Abstract

Testing of the spin-component scaled second-order Møller-Plesset (SCS-MP2) method for the computation of noncovalent interaction energies is done with a database of 165 biologically relevant complexes. The effects of the spin-scaling procedure (i.e., MP2 vs SCS-MP2), the basis set size, and the corrections for basis set superposition error (BSSE) are systematically examined. When using two-point basis set extrapolations for the correlation energy, augmentation of the atomic orbital basis with computationally costly diffuse functions is found to be obsolete.

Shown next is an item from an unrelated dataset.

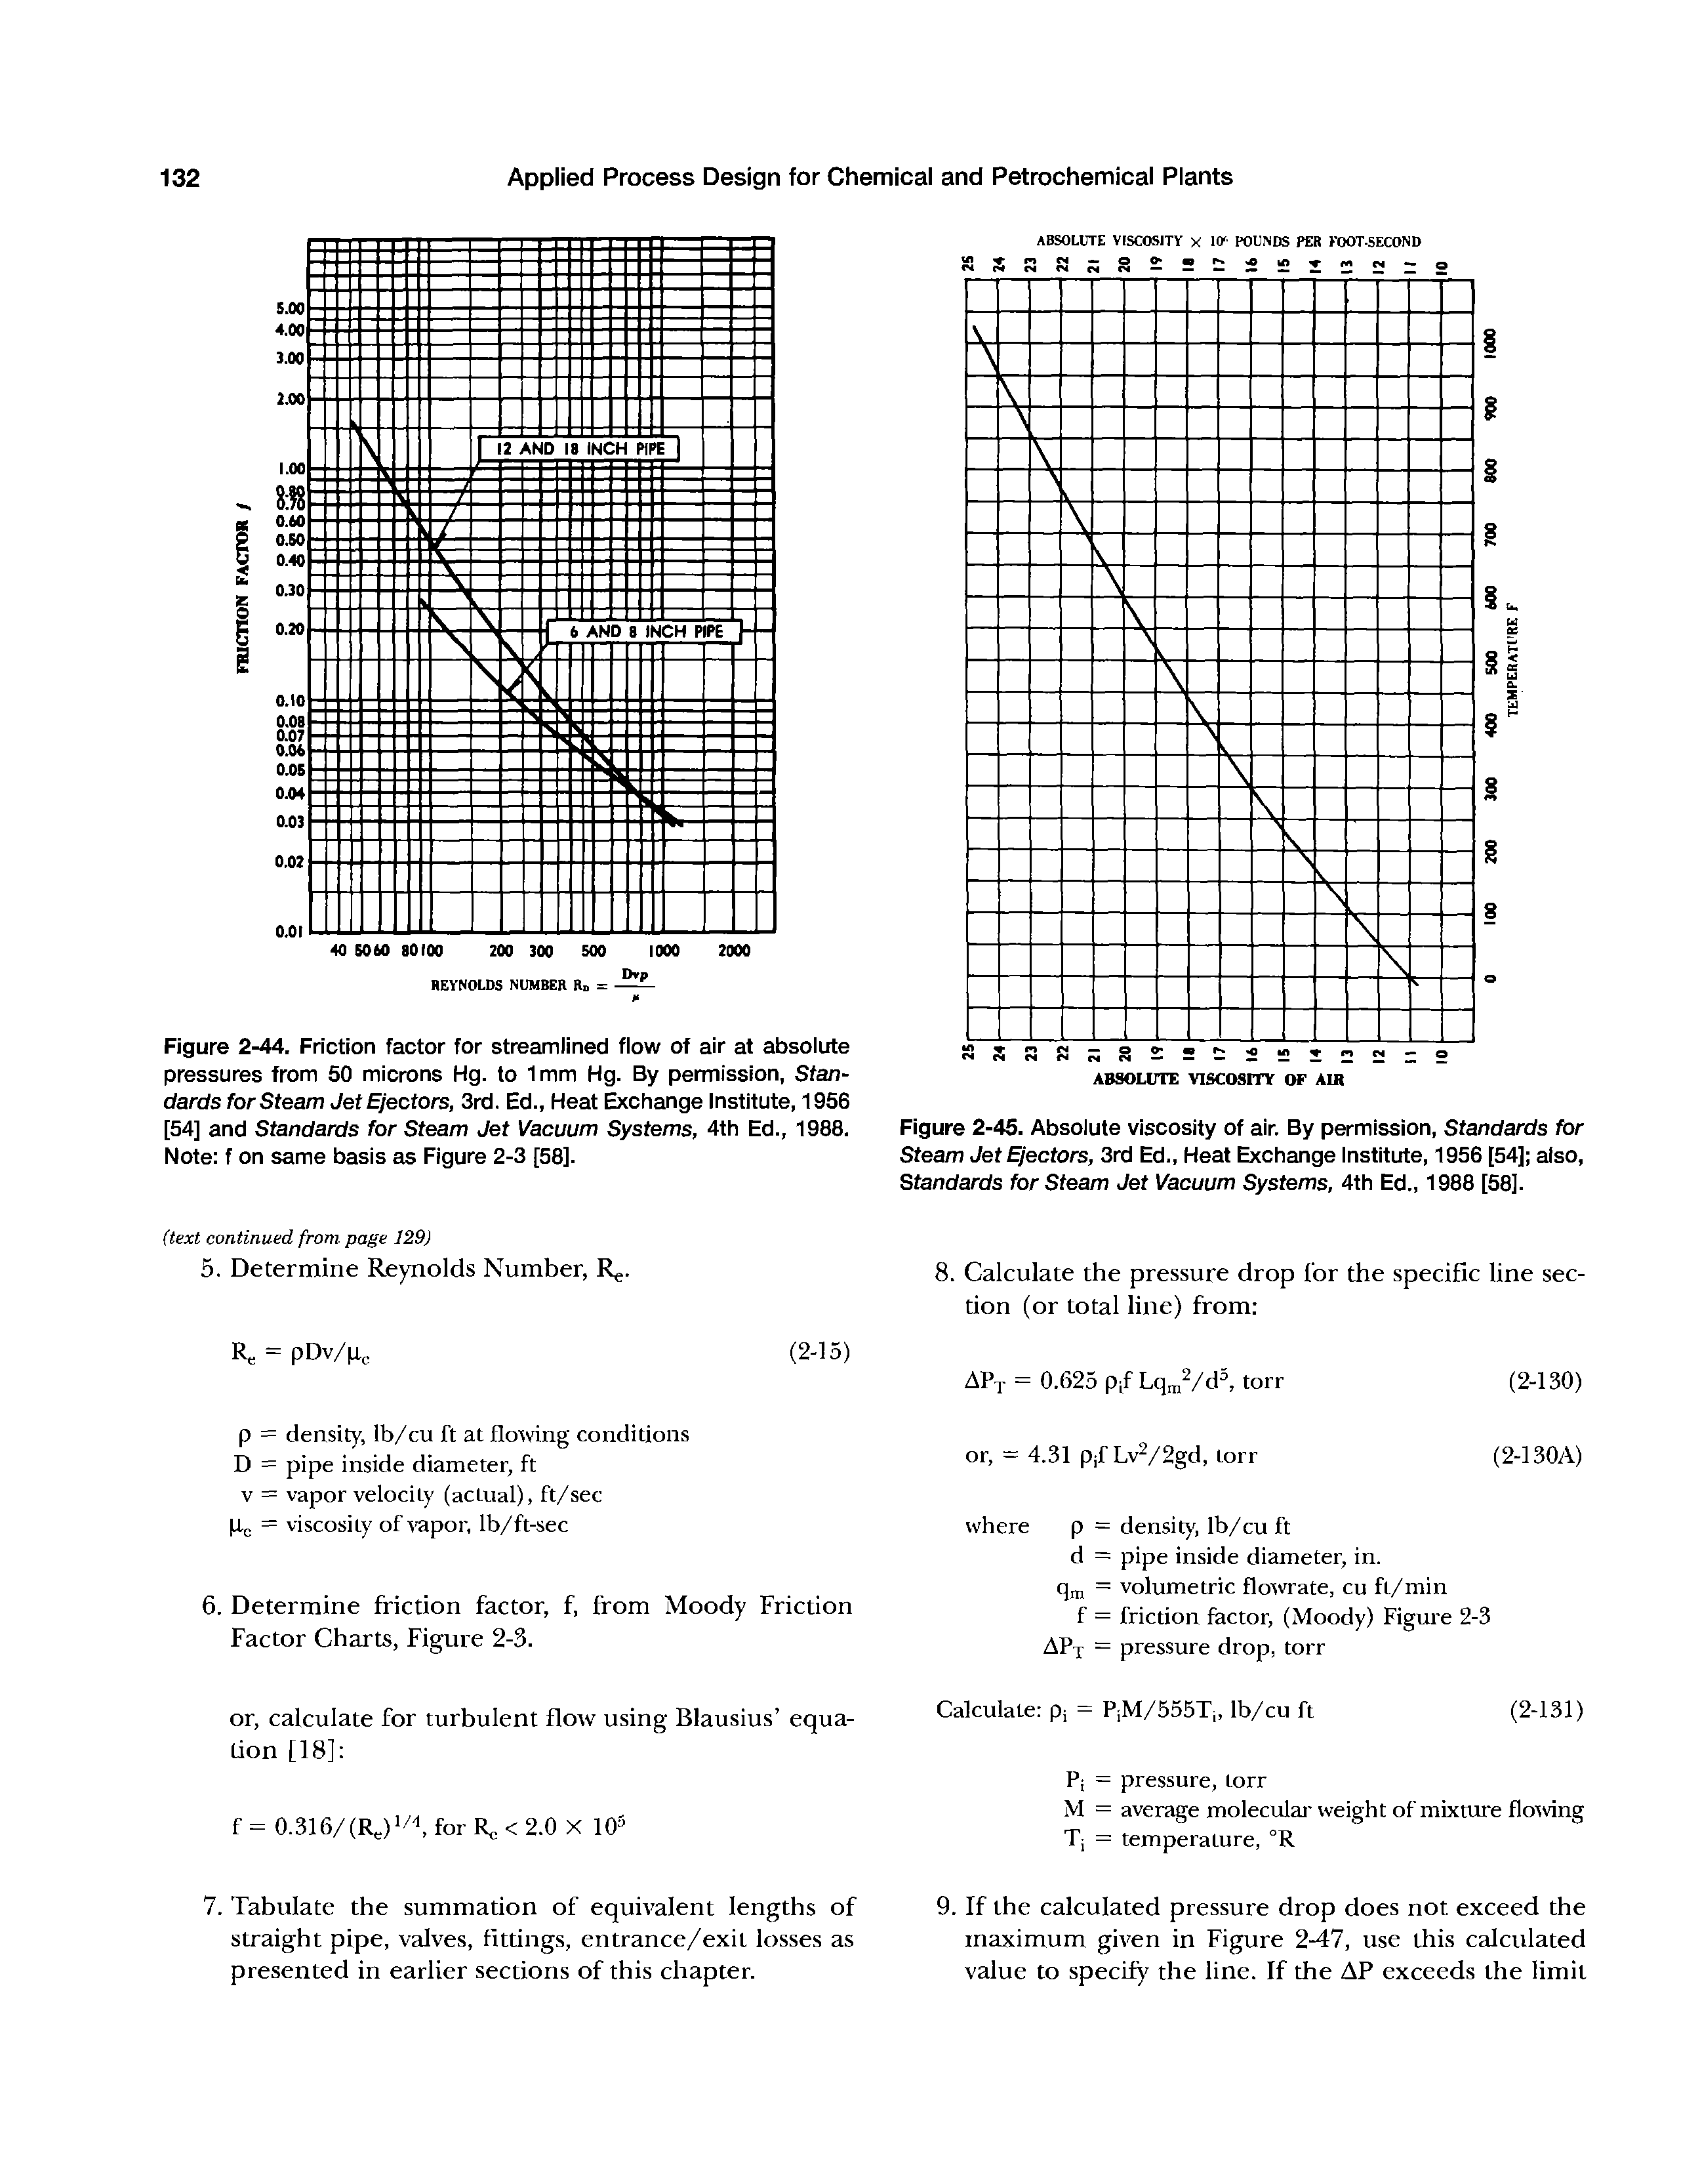 Figure 2-44. Friction factor for streamlined flow of air at absolute pressures from 50 microns Hg. to 1mm Hg. By permission, Standards for Steam Jet Ejectors, 3rd. Ed., Heat Exchange Institute, 1956 [54] and Standards for Steam Jet Vacuum Systems, 4th Ed., 1988. Note f on same basis as Figure 2-3 [58].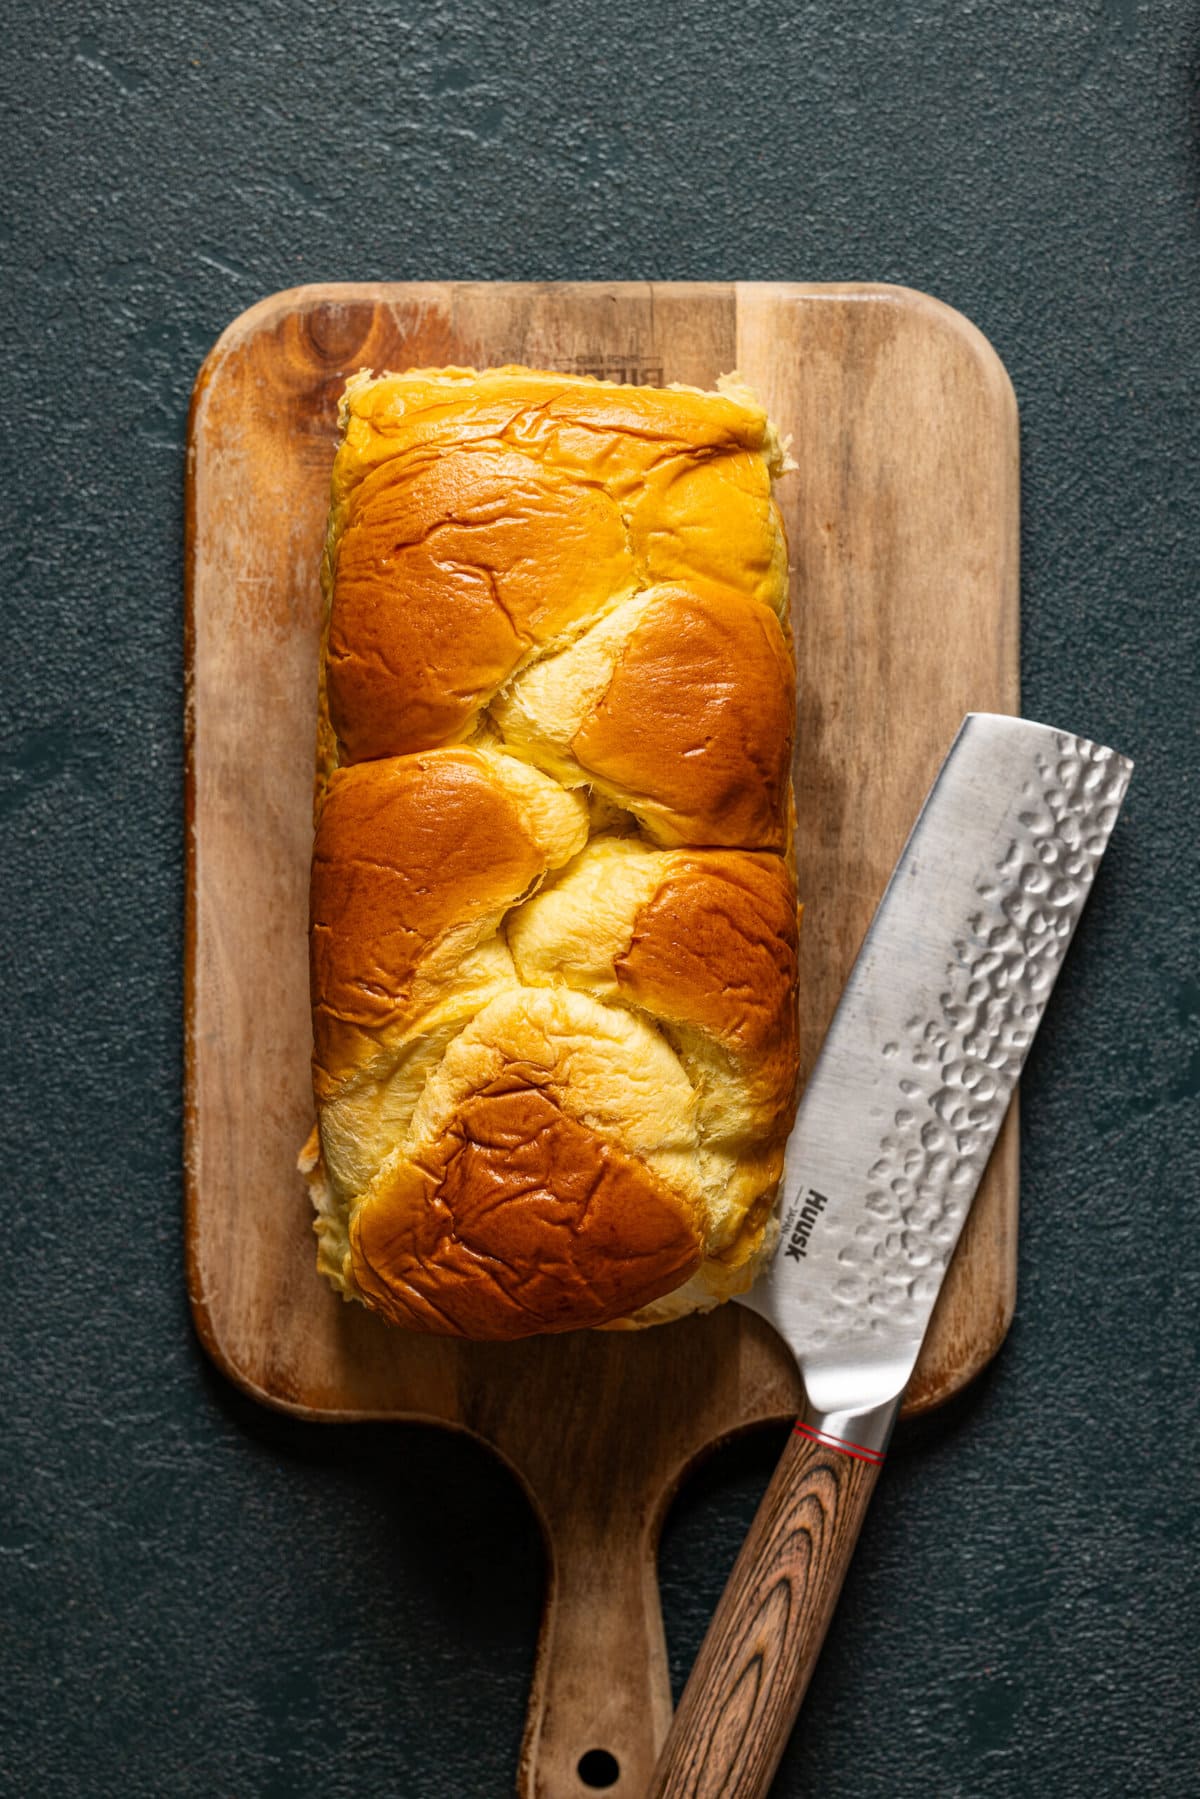 Loaf of bread on a cutting board with a knife.

In general, SCS-MP2 also improves results for noncovalent interactions statistically on MP2, and significant outliers are removed. Moreover, it is shown that effects of BSSE and one-particle basis set incompleteness almost cancel each other in the case of triple-zeta sets (SCS-MP2/TZVPP or SCS-MP2/cc-pVTZ without counterpoise correction), which opens a practical route to efficient computations for large systems. We recommend SCS-MP2 as the preferred quantum chemical wave function based method for the noncovalent interactions in large biologically relevant systems when reasonable coupled-cluster with single and double and perturbative triple excitations (CCSD(T)) calculations cannot be performed anymore. A comparison to MP2 and CCSD(T) interaction energies for n-alkane dimers, however, indicates (and this also holds to a lesser extent for hydrogen-bonded systems) limitations of SCS-MP2 when treating chemically "saturated" interactions. The different behavior of second-order perturbation theory for saturated and for stacked pi-systems is discussed.